Topographical heterogeneity of K(IR) currents in pericyte-containing microvessels of the rat retina: effect of diabetes

Abstract

Although inwardly rectifying potassium (K(IR)) channels are known to have important functional roles in arteries and arterioles, knowledge of these channels in pericyte-containing microvessels is limited. A working hypothesis is that K(IR) channel activity affects the membrane potential and thereby the contractile tone of abluminal pericytes whose contractions and relaxations may regulate capillary perfusion. Because pericyte function is thought to be particularly important in the retina, we used the perforated-patch technique to monitor the ionic currents of pericytes located on microvessels freshly isolated from the rat retina. In addition, because changes in ion channel function may contribute to microvascular dysfunction in the diabetic retina, we also recorded from pericyte-containing microvessels of streptozotocin-injected rats. Using barium to identify K(IR) currents, we found that there is a topographical heterogeneity of these currents in the pericyte-containing microvasculature of the normal retina. Specifically, the K(IR) current detected at distal locations is strongly rectifying, but the proximal K(IR) current is weakly rectifying and has a smaller inward conductance. However, soon after the onset of diabetes, these differences diminish as the rectification and inward conductance of the proximal K(IR) current increase. These diabetes-induced changes were reversed by an inhibitor of polyamine synthesis and could be mimicked by spermine, whose concentration is elevated in the diabetic eye. Hence, spermine is a candidate for mediating the effect of diabetes on the function of microvascular K(IR) channels. In addition, our findings raise the possibility that functional changes in K(IR) channels contribute to blood flow dysregulation in the diabetic retina.

Figure 1. A vascular complex freshly isolated from the retina of an adult rat

A, low magnification photomicrograph of a smooth muscle-encircled vessel and pericyte-containing microvessels that branch from this arteriole. B, enlarged view of a portion of the proximal pericyte-containing microvasculature. Arrowheads show the pericyte somas. C, enlarged view of a portion of the distal pericyte-containing microvasculature. Arrowheads show the pericyte somas. As discussed in the text, the density of abluminal pericytes is less at distal microvascular sites.

Figure 2. Effect of various concentrations of barium on the I–V relations determined from perforated-patch recordings from a pericyte located in the distal portion of the retinal microvasculature

To the left of each plot is shown the concentration of barium in the perfusate, which was solution C (10 mm K⁺) supplemented with 0–2 mm BaCl₂. Inset, current traces generated in the absence or presence of 2 mm BaCl₂; also shown is the stimulus protocol. B, relationship between the barium concentration and the amplitude of the barium-sensitive current, which was measured in distally located pericytes held −45 mV from the equilibrium potential of potassium (E_K). The amplitude of current inhibited by 2 mm BaCl₂ was defined as the maximum barium-sensitive current. Each point represents one observation; data are from six distally located pericytes each of which was exposed to multiple concentrations of barium.

Figure 3. Effect of the extracellular potassium concentration on the currents recorded from pericytes located at distal sites in the retinal microvasculature

A, current densities of the barium-sensitive conductance in distal pericytes located on isolated microvessels perfused with solution B (3 mm K⁺; n = 4), solution C (10 mm K⁺; n = 10) or solution D (97.5 mm K⁺; n = 10).
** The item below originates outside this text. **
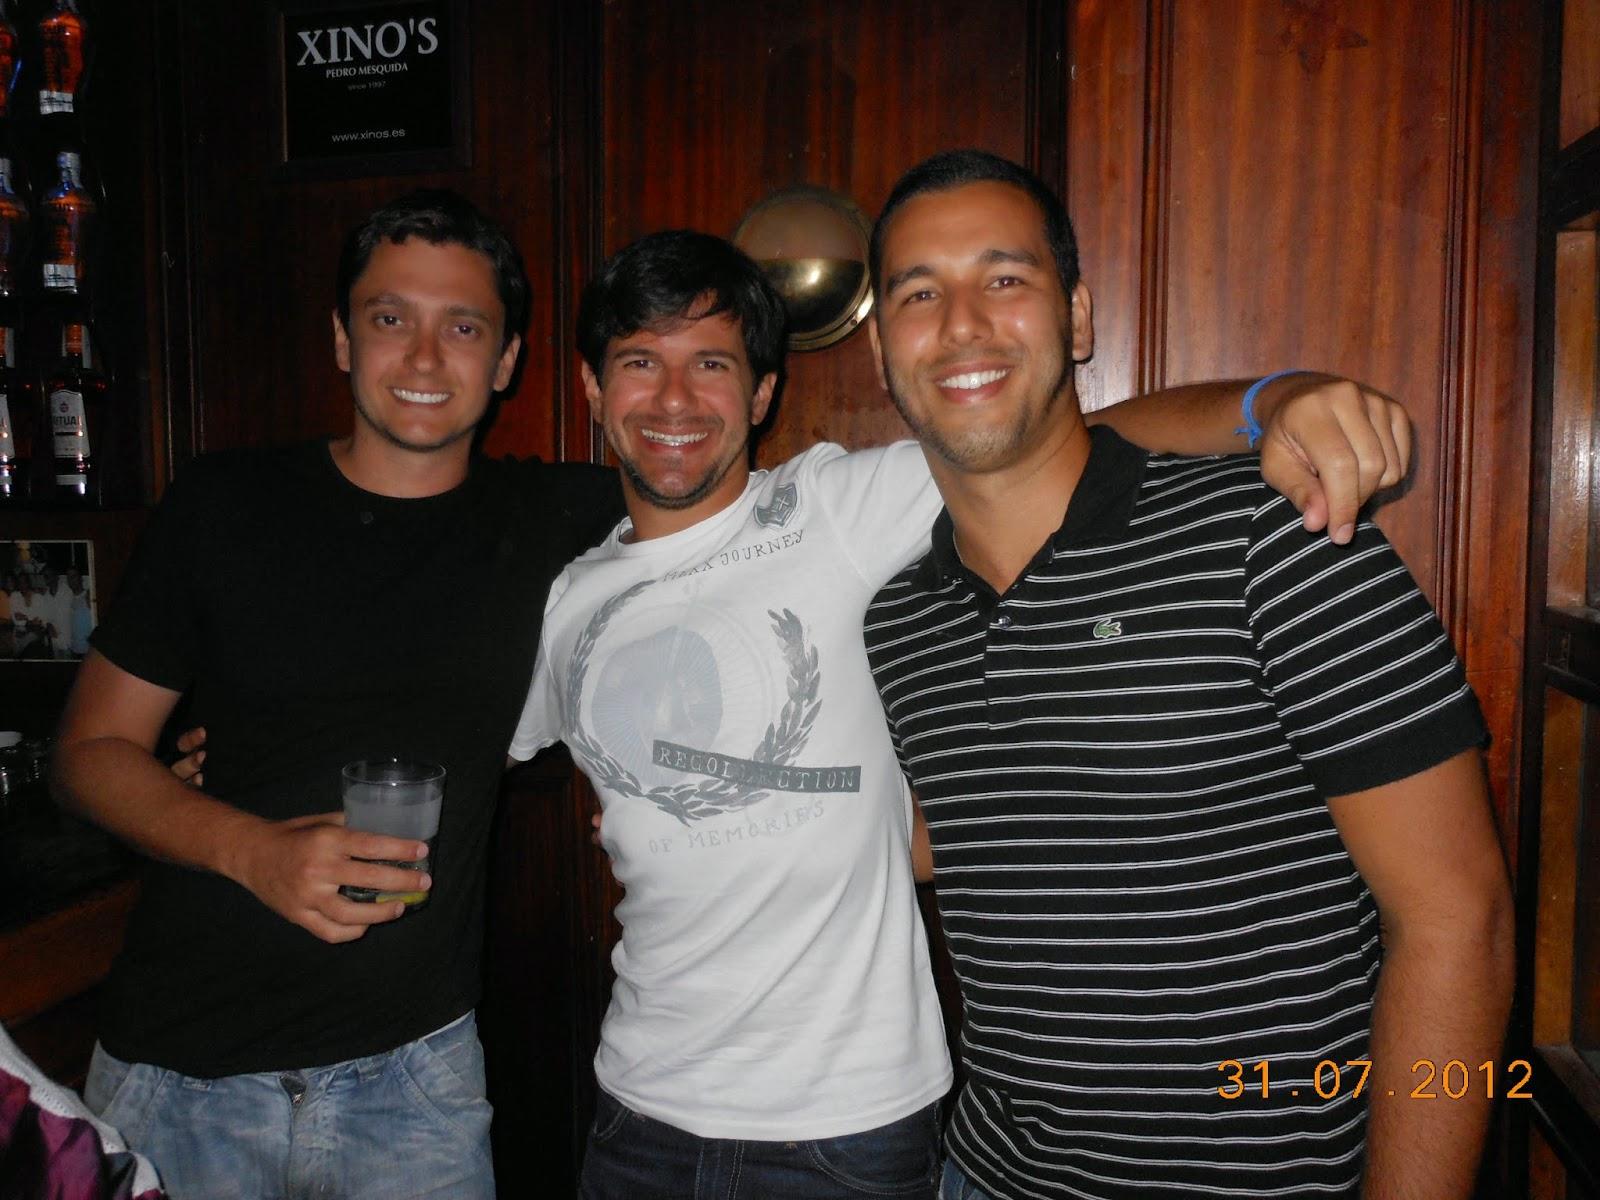 Em um dos bares depois de beber de graça - Palma de Maiorca - Praia - Espanha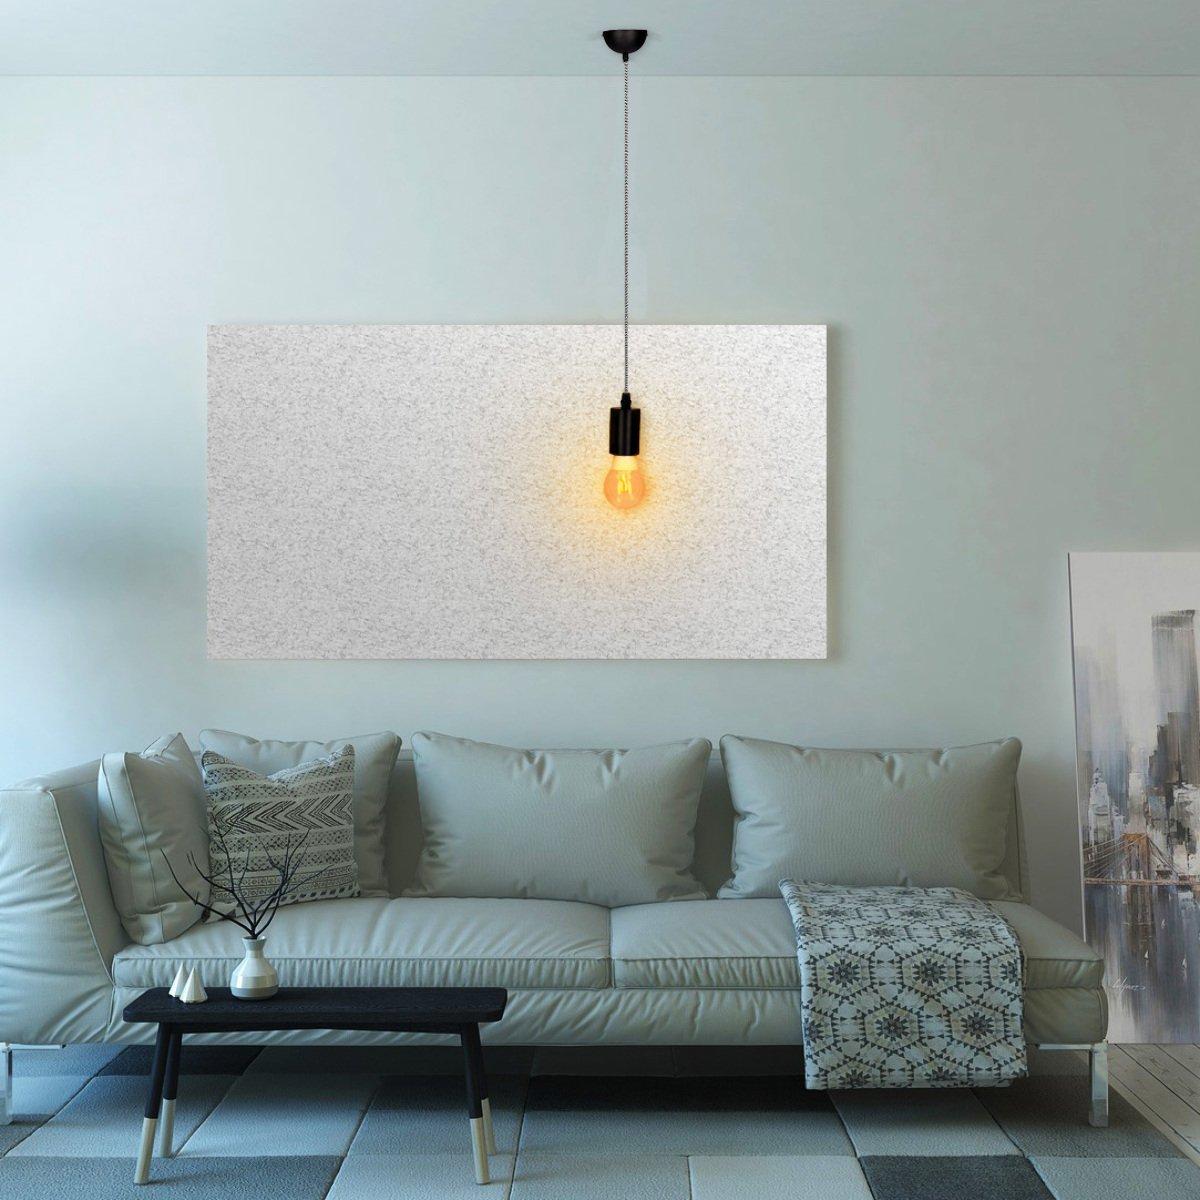 kwmobile 2x câble électrique pour lampe - Câble avec douille E27 bague de  fixation et support - Monture ... 9cb503f25c9a

The membrane capacitance, which was calculated as detailed in the Methods, was 274 ± 52 pF (n = 4), 249 ± 10 pF (n = 10) and 64 ± 22 pF (n = 10) in solutions B, C and D, respectively. For each of the potassium concentrations tested, the equilibrium potential for potassium (E_K) is shown. B, effect of increasing extracellular K⁺ from 3 mm (solution B; ▪) to 10 mm (solution C; ○) on the I–V relations of a distal pericyte.

Figure 4. Effects of extracellular barium on currents recorded from pericytes located at proximal sites in the pericyte-containing retinal microvasculature

A, I–V relations of currents during perfusion of solution C (10 mm K⁺) in the absence (○) and presence (▪) of 2 mm BaCl₂. Upper inset, current traces from which the I–V plots were generated. Also shown is the stimulus protocol. Lower inset, plot of the difference between the I–V curves. B, relationship between the barium concentration and the amplitude of the proximal barium-sensitive current, which was measured in proximally located pericytes held −45 mV from E_K. Data are from five proximally located pericytes each of which was exposed to multiple concentrations of barium.

Figure 5. Effect of extracellular potassium concentration on barium-sensitive conductance recorded from pericytes located at proximal sites within the retinal microvasculature

Plot shows the relationship between current density and voltage for the barium-sensitive conductances recorded in solution B (3 mm K⁺; n = 4), solution C (10 mm K⁺; n = 11) or solution D (97.5 mm K⁺; n = 7). For each of the tested potassium concentrations, the equilibrium potential for potassium (E_K) is shown. From perforated-patch recordings of distal pericytes, the calculated membrane capacitance was 220 ± 46 pF (n = 4), 325 ± 70 pF (n = 13) and 59 ± 25 pF (n = 7) in solutions B, C and D, respectively. Inset, the relationship between the square root of the extracellular potassium concentration and the current density. Current densities, which were determined at ±45 mV from E_K, are shown for inward and outward barium-sensitive conductances recorded at distal (○) and proximal (▪) sites. The P values for proximal and distal inward current densities being different were 0.032, 0.016 and 0.001 at 3 mm, 10 mm and 97.5 mm, respectively. The P values for proximal and distal outward current densities being different were 0.050, 0.026 and 0.010 at 3 mm, 10 mm and 97.5 mm, respectively.

Figure 6. Effect of diabetes on the microvascular K_IR current

I–V relations for the barium-sensitive current recorded at proximal sites of microvessels isolated from normal rats (▪; n = 7) and from streptozotocin-injected rats that were diabetic for 20 ± 3 days (○, n = 9) or 60 ± 8 days (▴, n = 5). Recordings were in solution D (97.5 mm K⁺). Inset, I–V plots for the barium-sensitive currents recorded in solution D at distal sites in microvessels from non-diabetic rats (▪, n = 10) and rats that had been diabetic for 69 ± 7 days (▿, n = 2); this duration of diabetes was not significantly (P = 0.5) different from that of the ‘60 day’ group.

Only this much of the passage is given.